In this second section mysteries abound: there's a thief, there are voices in and out of Natalie's head, there are secret visitors in the dorms at night, un-serious initiations, threatening caretakers, there's a mysterious fellow loner girl who may be an imaginary friend or something even more perverse--we poor readers will never know the truth of it. I bring up the facts of the novel--which I normally never do in a review--because they're all, to me, replacements for the language Natalie's not learning, at college, to speak. The novel is mysterious because, without a proper language to speak it, Natalie's experience becomes this fragmentary series of disjointed mysteries. She can't really have experiences in any kind of normalizing narrative way--at least not in the male, literary/historical sense--because she hasn't the proper words with which to re-live and recount them.
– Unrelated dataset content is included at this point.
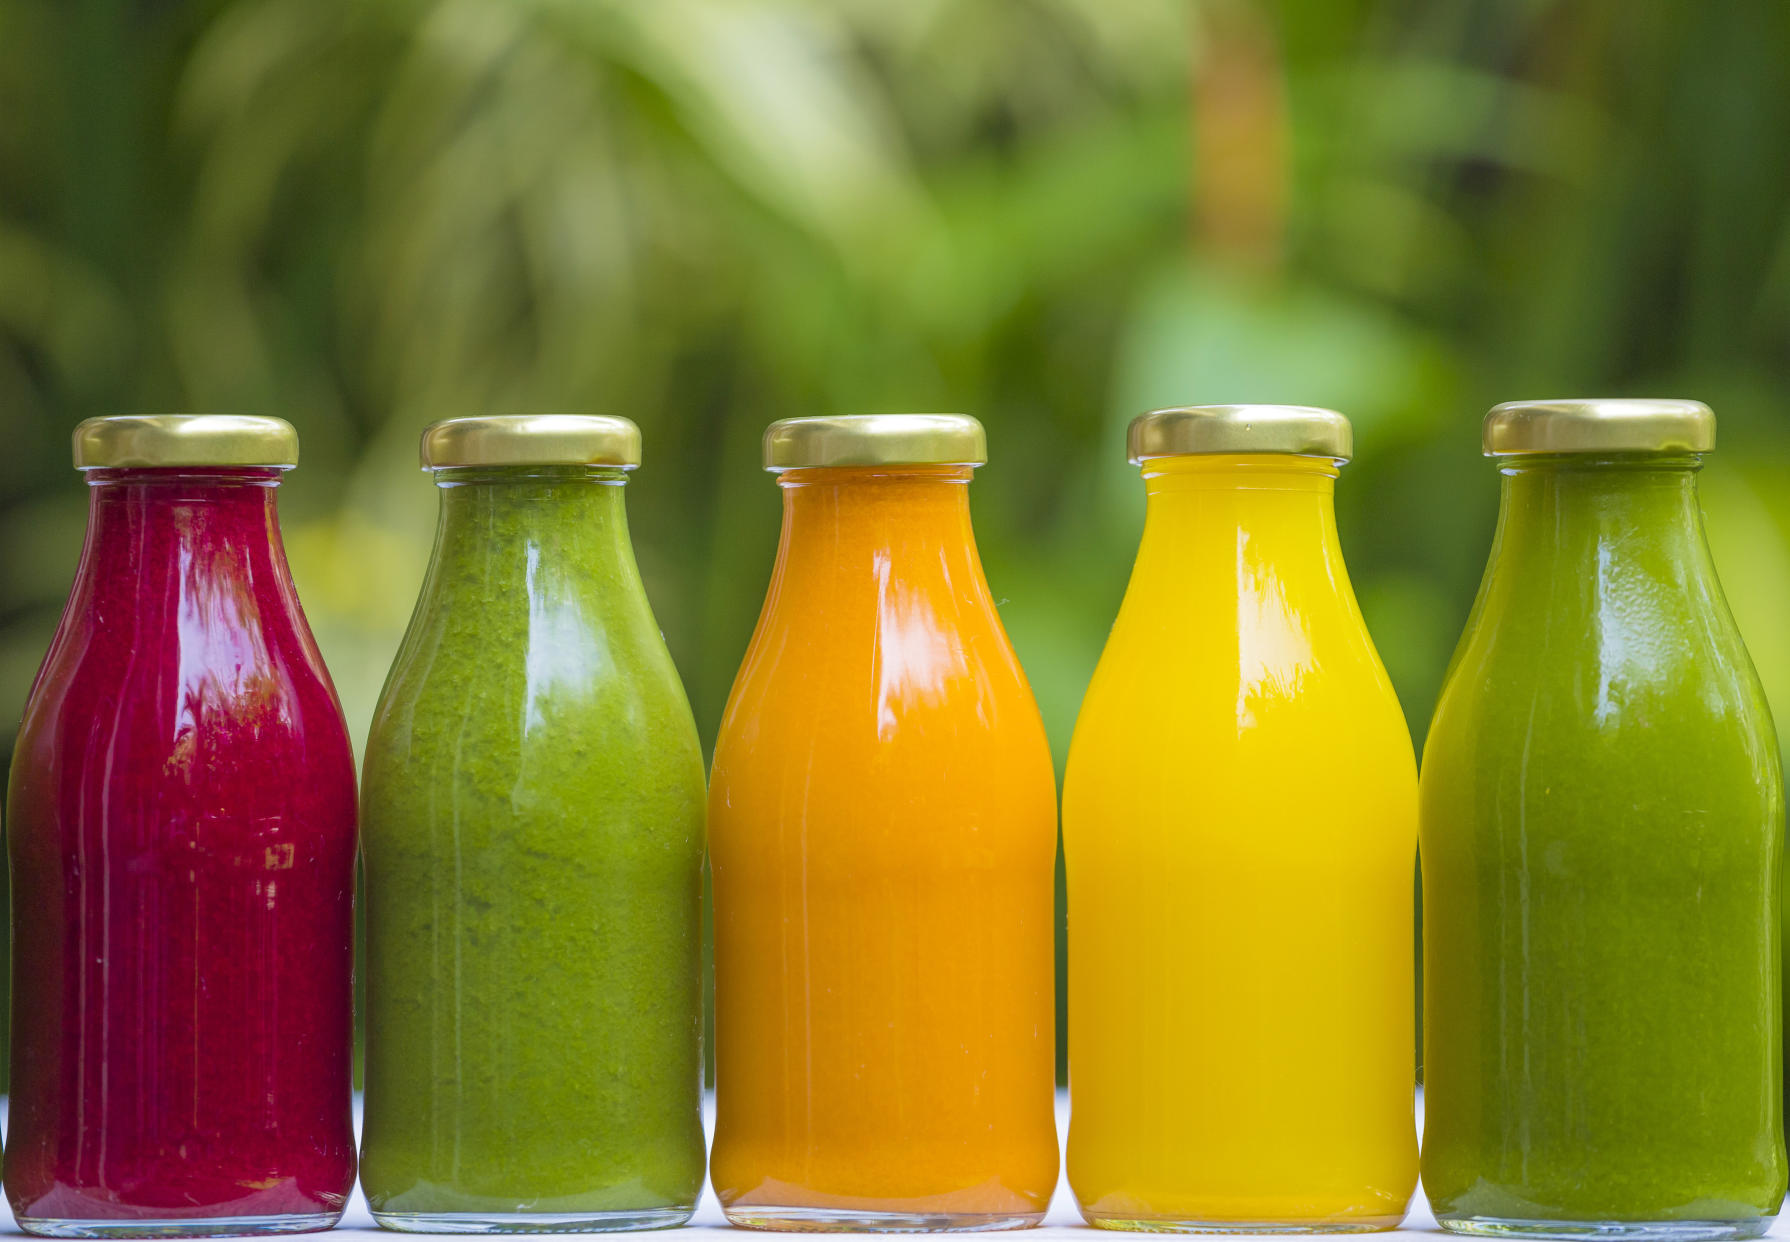 Organic cold-pressed raw vegetable juices in glass bottles. Raw fruits can cause food poisoning.

Where is she then, in the novel's third section? On a dark and seemingly casually chosen road with a mysterious companion. I don't want to spoil the ending--but I can't really because it's as ineffable as the rest. There's no language to speak Natalie's story in 1951, so it remains untold. Hangsaman is the story of its own impossible composition. Its message would appear to be: give me the words to tell the real story for without them I have no meaning. Nathalie's last words in the novel (really a feeling rather than a statement) might mean that, for a Middle-Class woman in the USA in 1951, adulthood meant coming to terms with one's muteness. Not only were people of color and gays invisible (as Ralph Ellison so eloquently put it) but women, too, blended silently into the woodwork all too conveniently.
PS I forgot to mention that Shirley Jackson is the greatest composer of sentences in the English language. I used to think Hemingway, but Jackson's are just as brilliant and a tad less showy--remarkably beautiful, her sentences have the feel of a diamond cutting through glass with a clarity I thought impossible in English. I'm humbled.